* [BRIEF]: Going through the material underneath, give only the number of lines that contain "Francis".

*** Opening DATA EXTRACTS ***

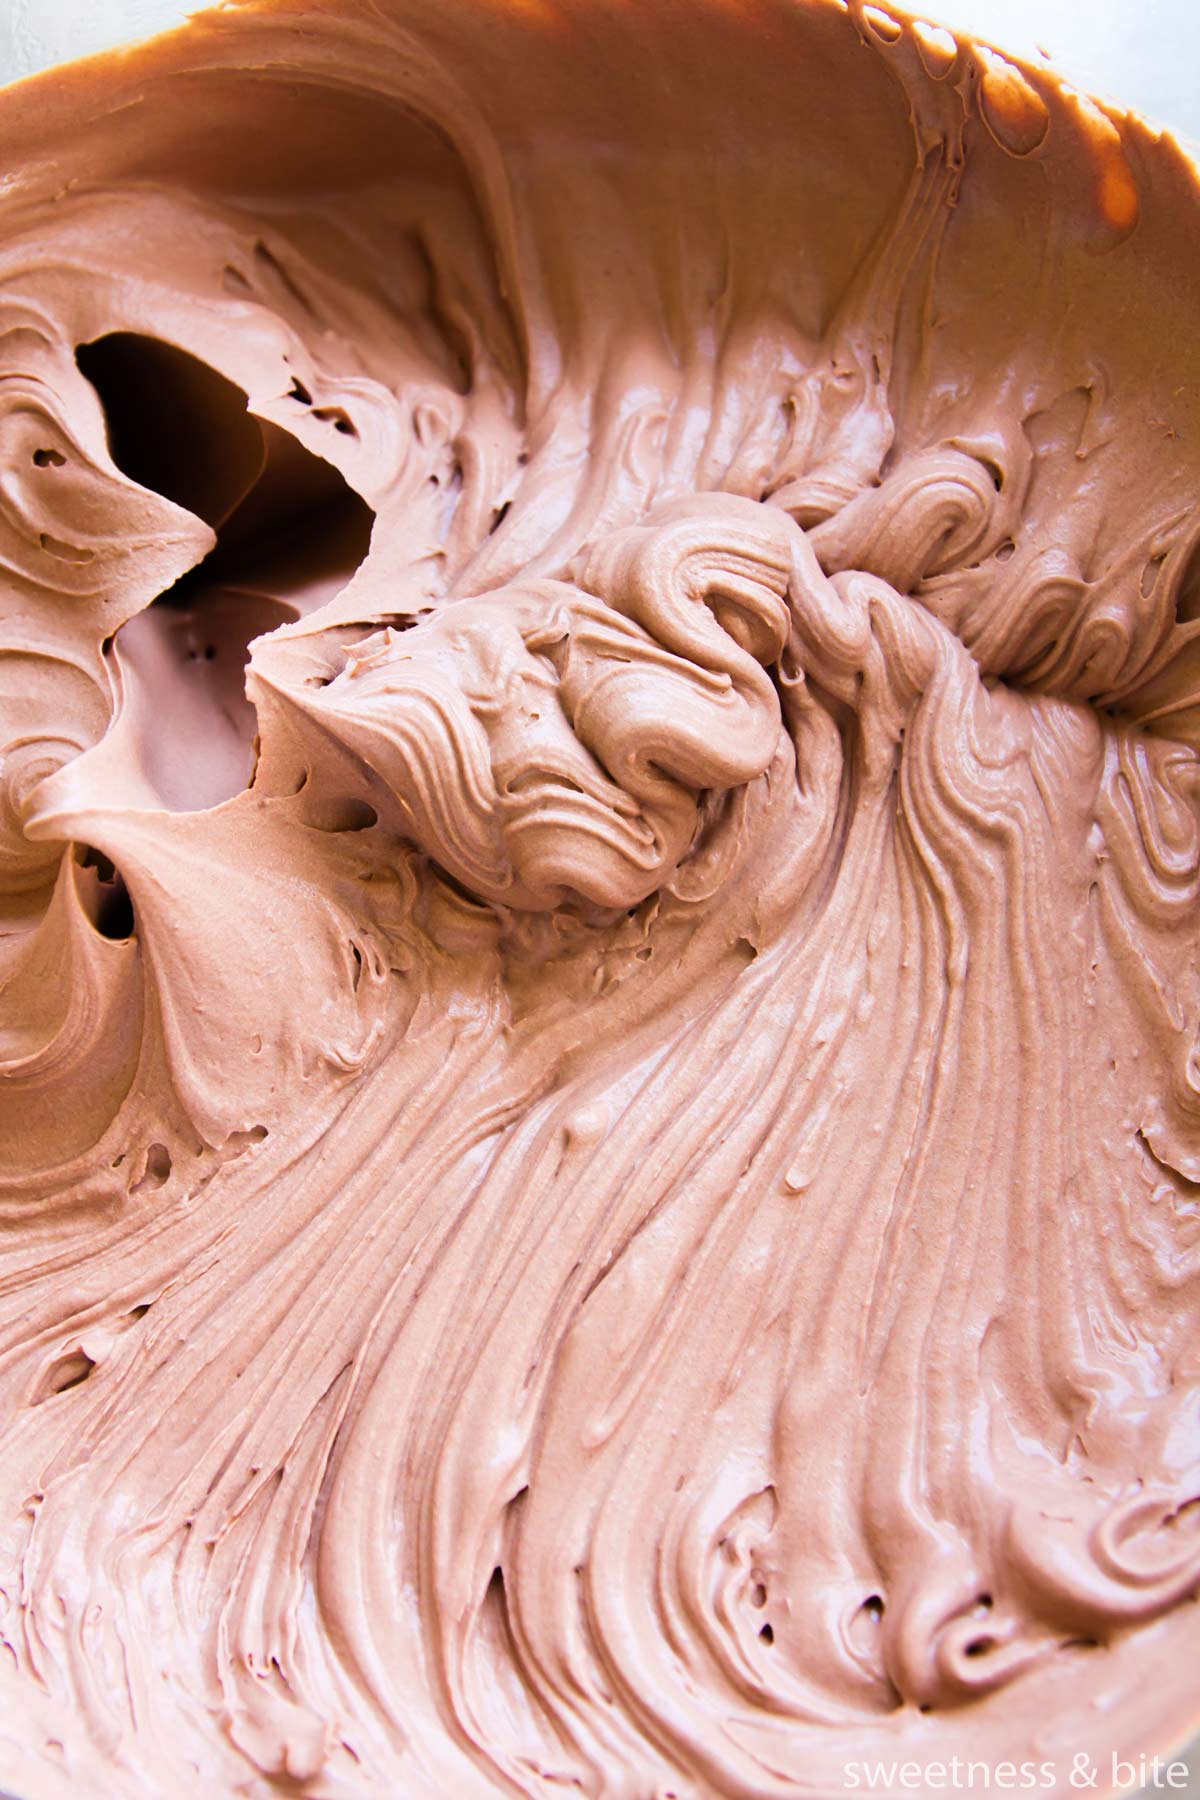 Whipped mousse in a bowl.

*** Closing DATA EXTRACTS ***
*** Opening DATA EXTRACTS ***

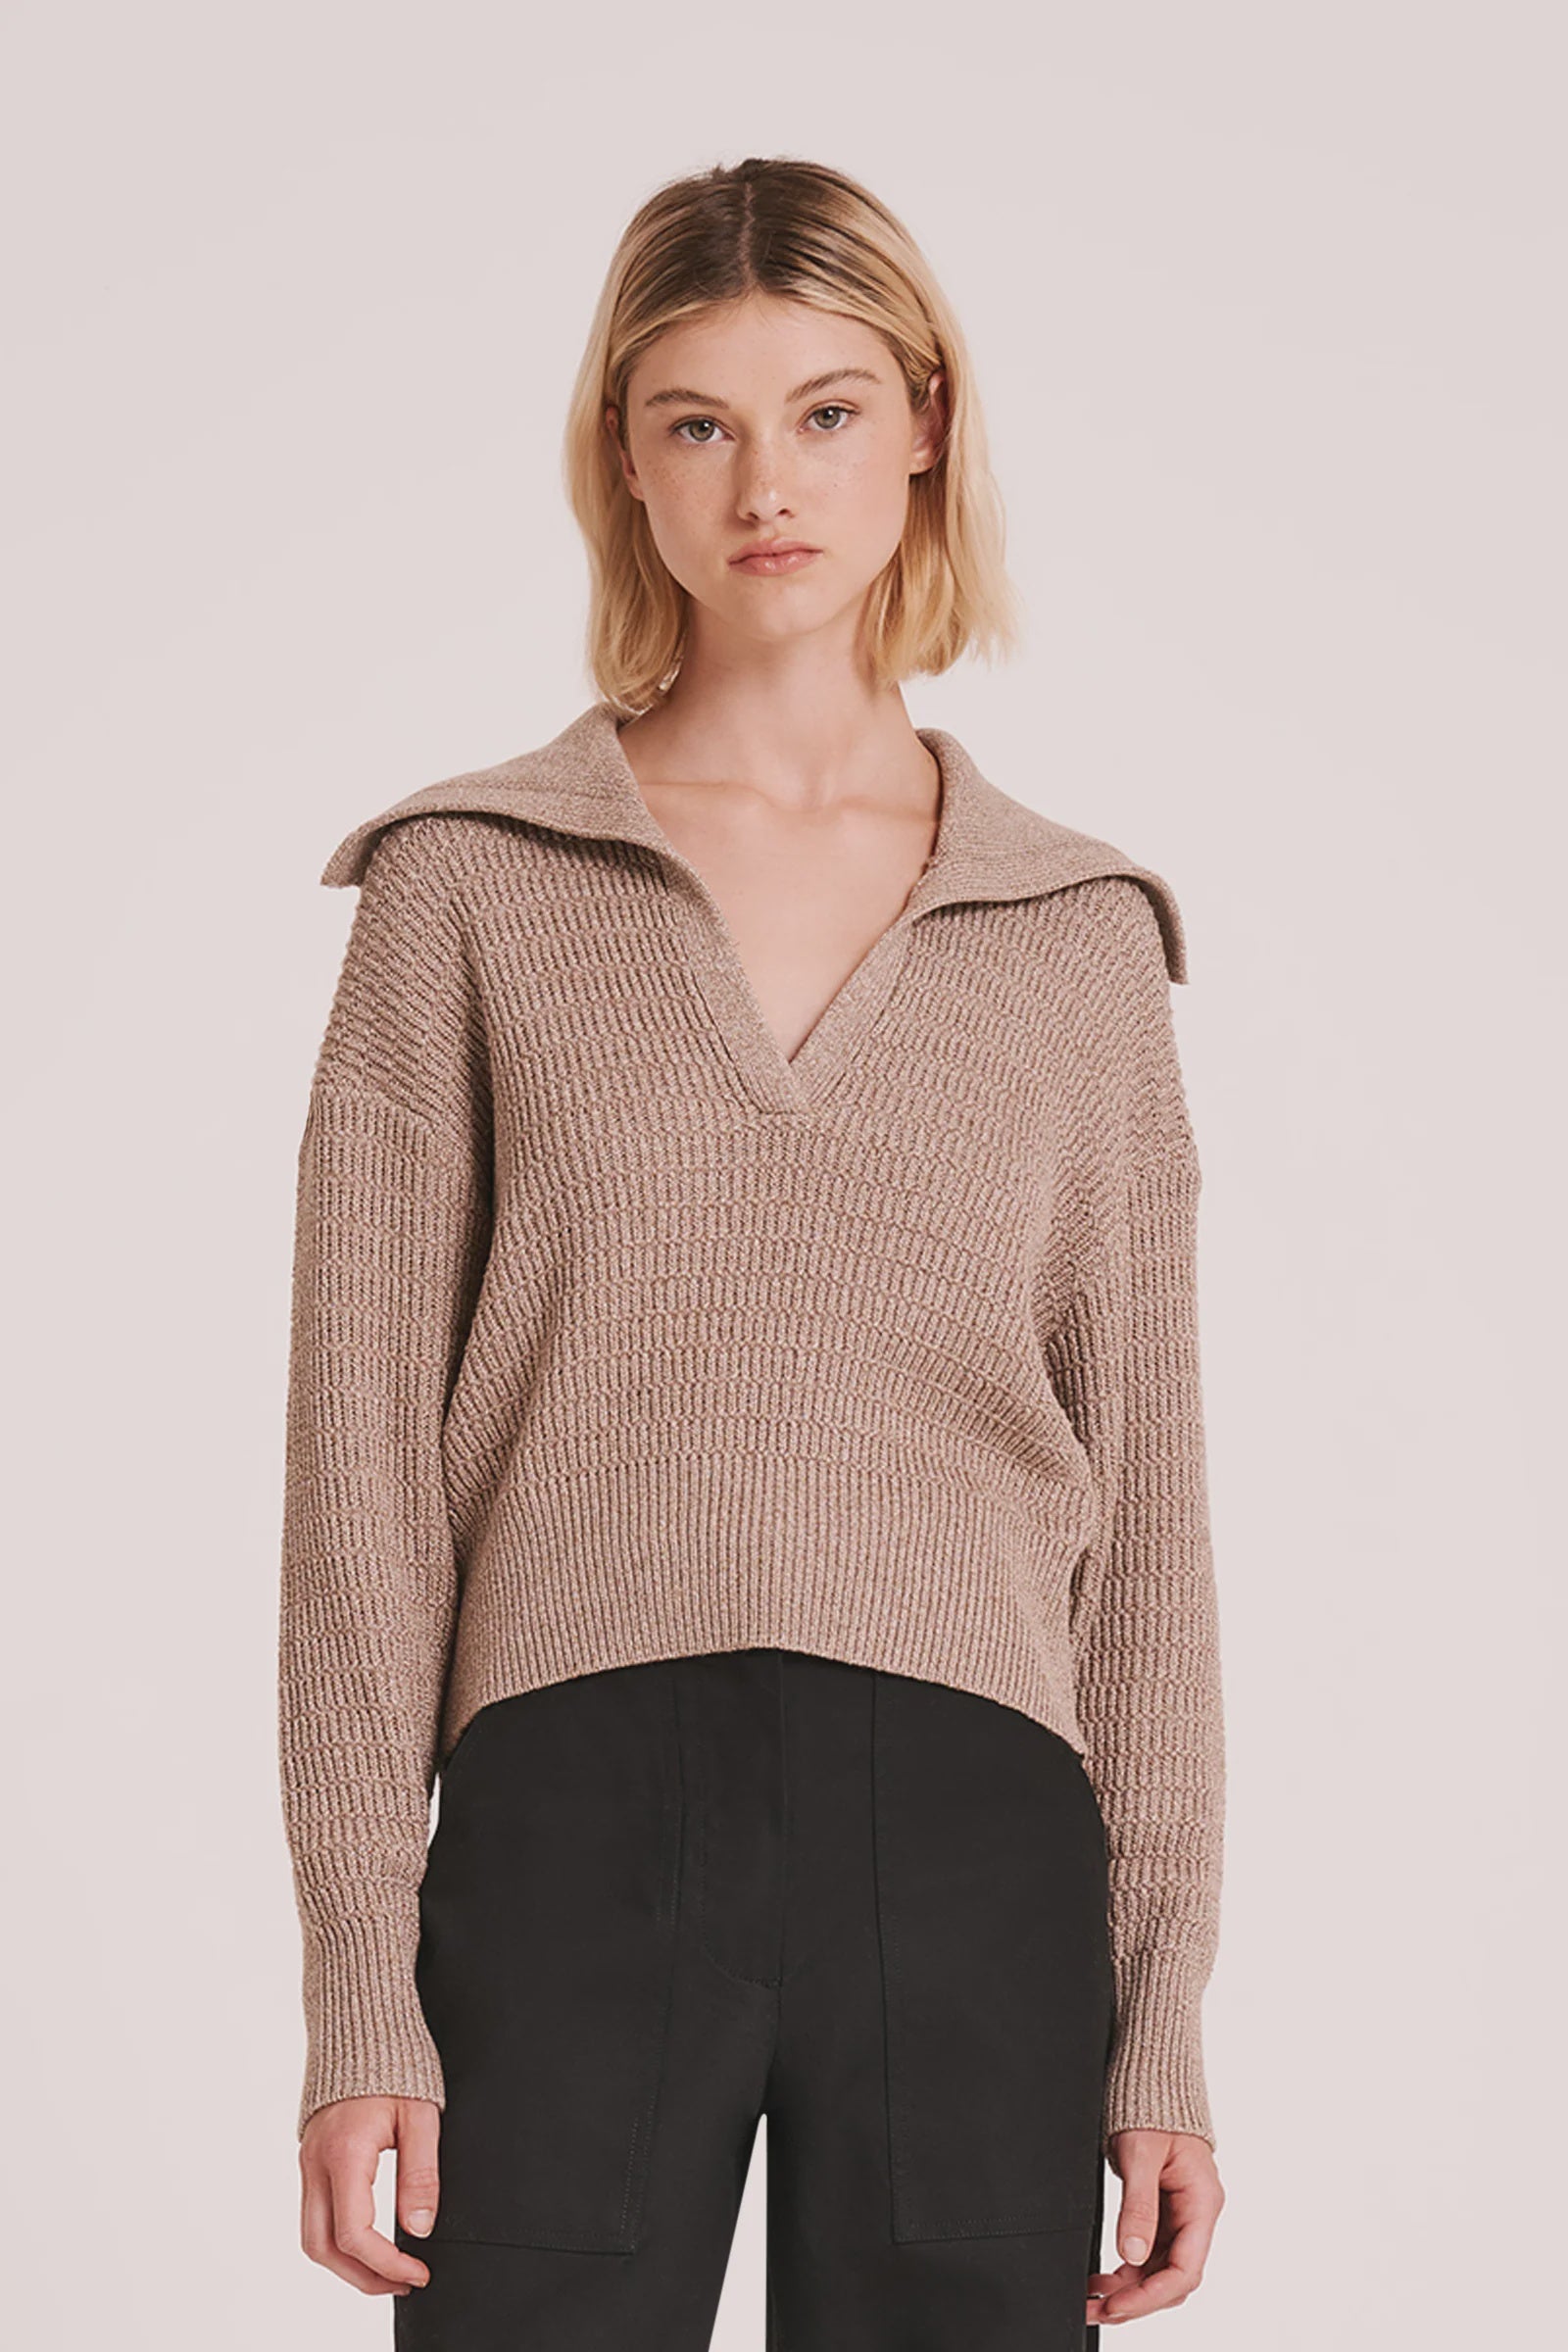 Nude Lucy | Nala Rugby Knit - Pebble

*** Closing DATA EXTRACTS ***
*** Opening DATA EXTRACTS ***

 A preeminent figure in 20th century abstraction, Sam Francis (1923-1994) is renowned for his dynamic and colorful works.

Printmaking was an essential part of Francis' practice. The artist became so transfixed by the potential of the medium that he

*** Closing DATA EXTRACTS ***

* [RESPONSE TO THE EXERCISE]: 2